We prove in Appendix I that  $(var - \sum_{i=1}^{n} c_i^2)$  is always non-negative. The required time estimation during timing analysis is performed by a backward propagation and involves the *subtract* and *min* operations. When a gate has more than two fanins (fanouts), the max (min) operation for the arrival (required) time PDF calculation is done one pair a time. Care is taken to determine an ordering on these operations

to minimize the loss in accuracy due to approximations. For example, multiple identical Gaussians in a set on which a max (min) operation is to be performed, are always reduced to a single Gaussian.
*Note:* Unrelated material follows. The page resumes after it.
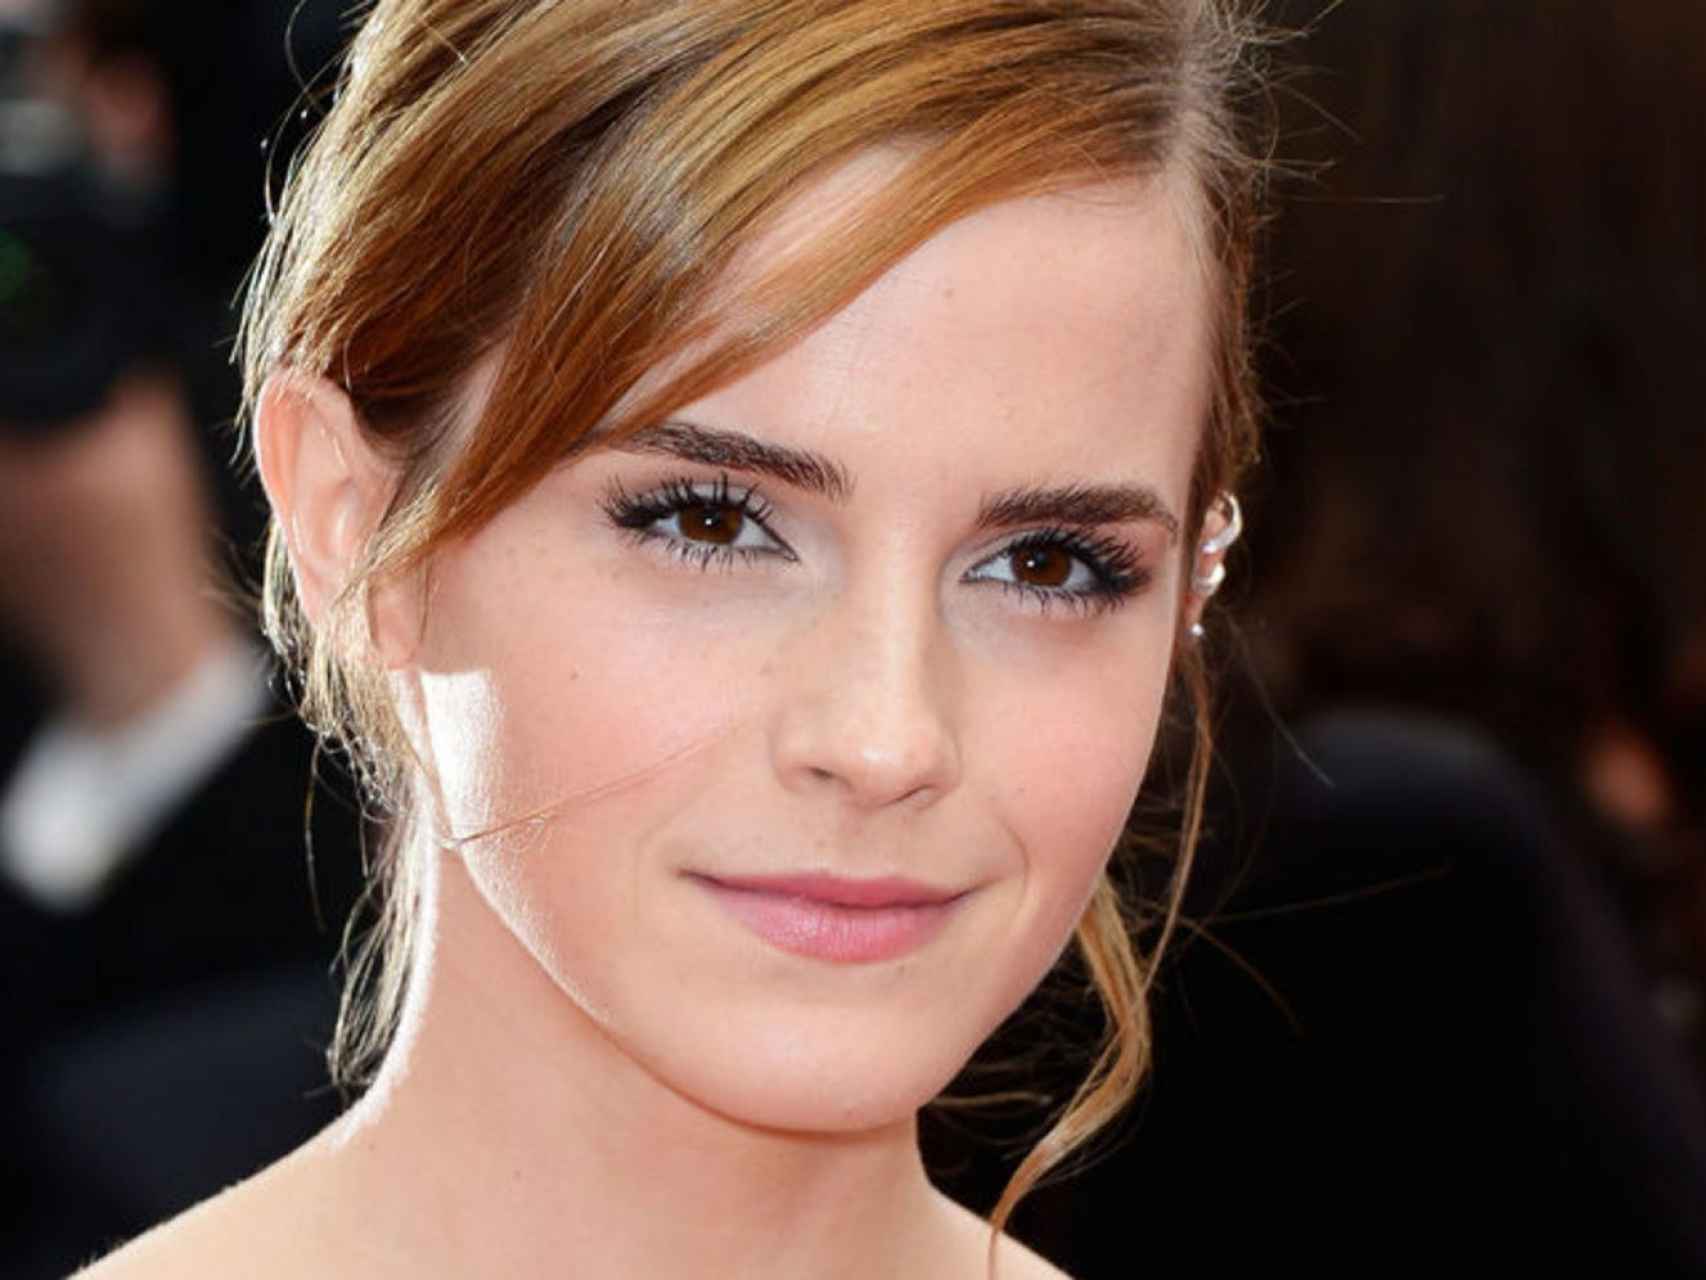 La actriz Emma Watson.

Statistical timing analysis can be performed in an incremental manner like a standard incremental static timer. It can incorporate separate PDFs for the rise and fall delays. Slack estimation during timing analysis involves subtract operations which can be performed on the canonical forms of the timing distributions. A min operation on the slack distributions at the primary outputs gives the circuit slack, the PDF of which is evaluated to obtain the probability of the circuit meeting its timing requirements.

## III. STATISTICAL GATE SIZING

Gate sizing has been an active and a proven timing optimization methodology over the decades. We consider extending static gate sizing that focuses on improving the slack of a circuit to statistical gate sizing that considers improving the probability that the circuit slack is non-negative. Given the circuit slack (after statistical timing analysis) in the form of a Gaussian distribution with mean  $\mu_S$  and standard deviation  $\sigma_S$ , the timing yield of the circuit denotes the probability that the slack is non-negative. Formally, timing yield is defined as the following.
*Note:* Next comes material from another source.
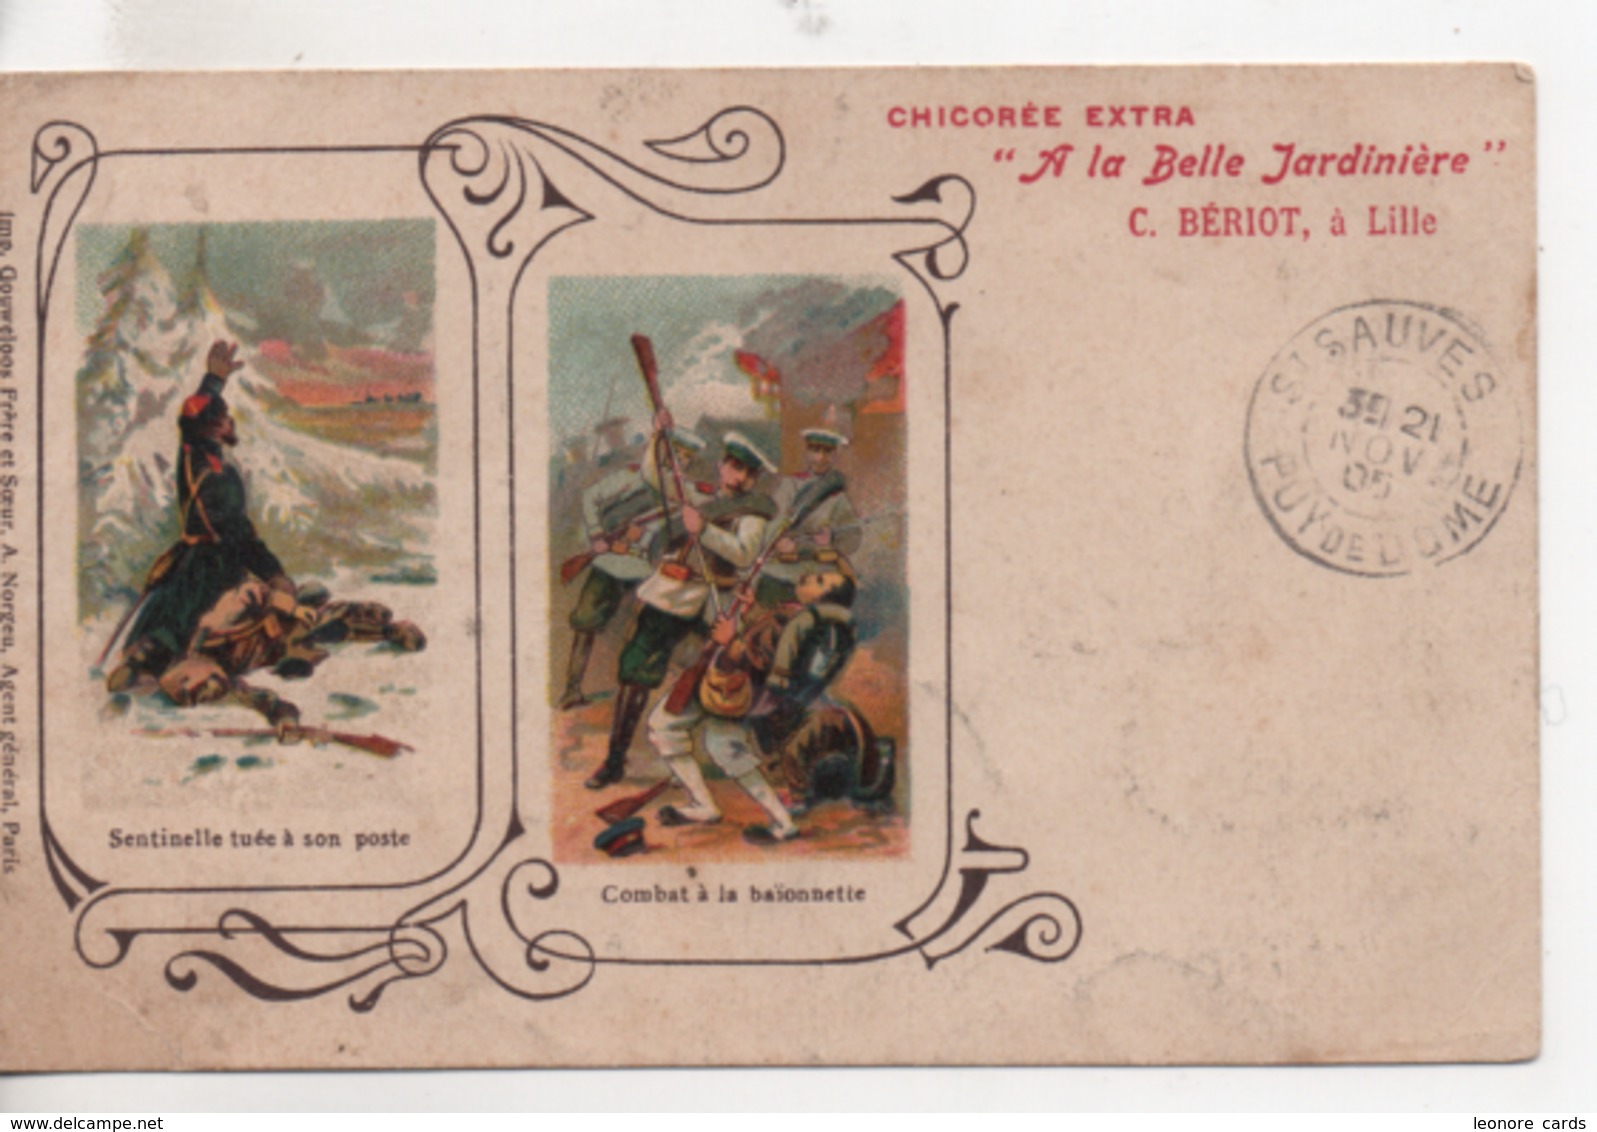 CPA.Publicité.Chicorée Extra.A La Belle Jardinière.1905.sentinelle Tuée Et Combat Baïonnette - Publicité

$$P \stackrel{\Delta}{=} \frac{1}{\sqrt{2\pi\sigma_S}} \int_0^\infty exp[-\frac{(x-\mu_S)^2}{2\sigma_S^2}]dx \tag{12}$$

We attain to maximize P, which we next show is equivalent to maximizing  $\frac{\mu_S}{\sigma_S}$ . Theorem 1:

$$\max \frac{1}{\sqrt{2\pi\sigma_S}} \int_0^\infty \exp[-\frac{(x-\mu_S)^2}{2\sigma_S^2}] dx \equiv \max \frac{\mu_S}{\sigma_S}$$
  
Proof: We define  $y \triangleq (\mu_S - x)/\sigma_S$ .

Under variable transformation,

$$\begin{aligned} &\frac{1}{\sqrt{2\pi}\sigma_S} \int_0^\infty exp[-\frac{(x-\mu_S)^2}{2\sigma_S^2}]dx \\ &= \frac{1}{\sqrt{2\pi}} - \int_{\mu_S/\sigma_S}^{-\infty} exp[-\frac{y^2}{2}]dy = \frac{1}{\sqrt{2\pi}} \int_{-\infty}^{\mu_S/\sigma_S} exp[-\frac{y^2}{2}]dy, \end{aligned}$$

which is strictly increasing with  $\frac{\mu_S}{\sigma_S}$ . This proves our claim.
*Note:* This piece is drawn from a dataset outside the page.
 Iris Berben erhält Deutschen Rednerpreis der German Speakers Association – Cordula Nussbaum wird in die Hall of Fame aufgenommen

Our statistical gate sizing approach thus attains to maximize  $\frac{\mu_S}{\sigma_s}$ . An alternative objective function that intuitively optimizes timing yield is expressed in the form of maximizing  $\mu_S - 3\sigma_S$ . This objective function focuses on pushing the slack distribution to the right, that is, attains to improve the worst case slack.

We present a Statistical Global Gate Sizing (SGGS) algorithm for timing yield optimization. The global sizing algorithm is a mix of a multi-dimensional descent based optimization, a perturbed propagation based heuristic that avoids gradient re-computations, and a global perturbation technique to get out of local minimums. Our choice of the global sizing algorithm is motivated by results obtained by Coudert et al. in [9], which show that this algorithm is the best for sizing optimizations in terms of performance and power/delay curves.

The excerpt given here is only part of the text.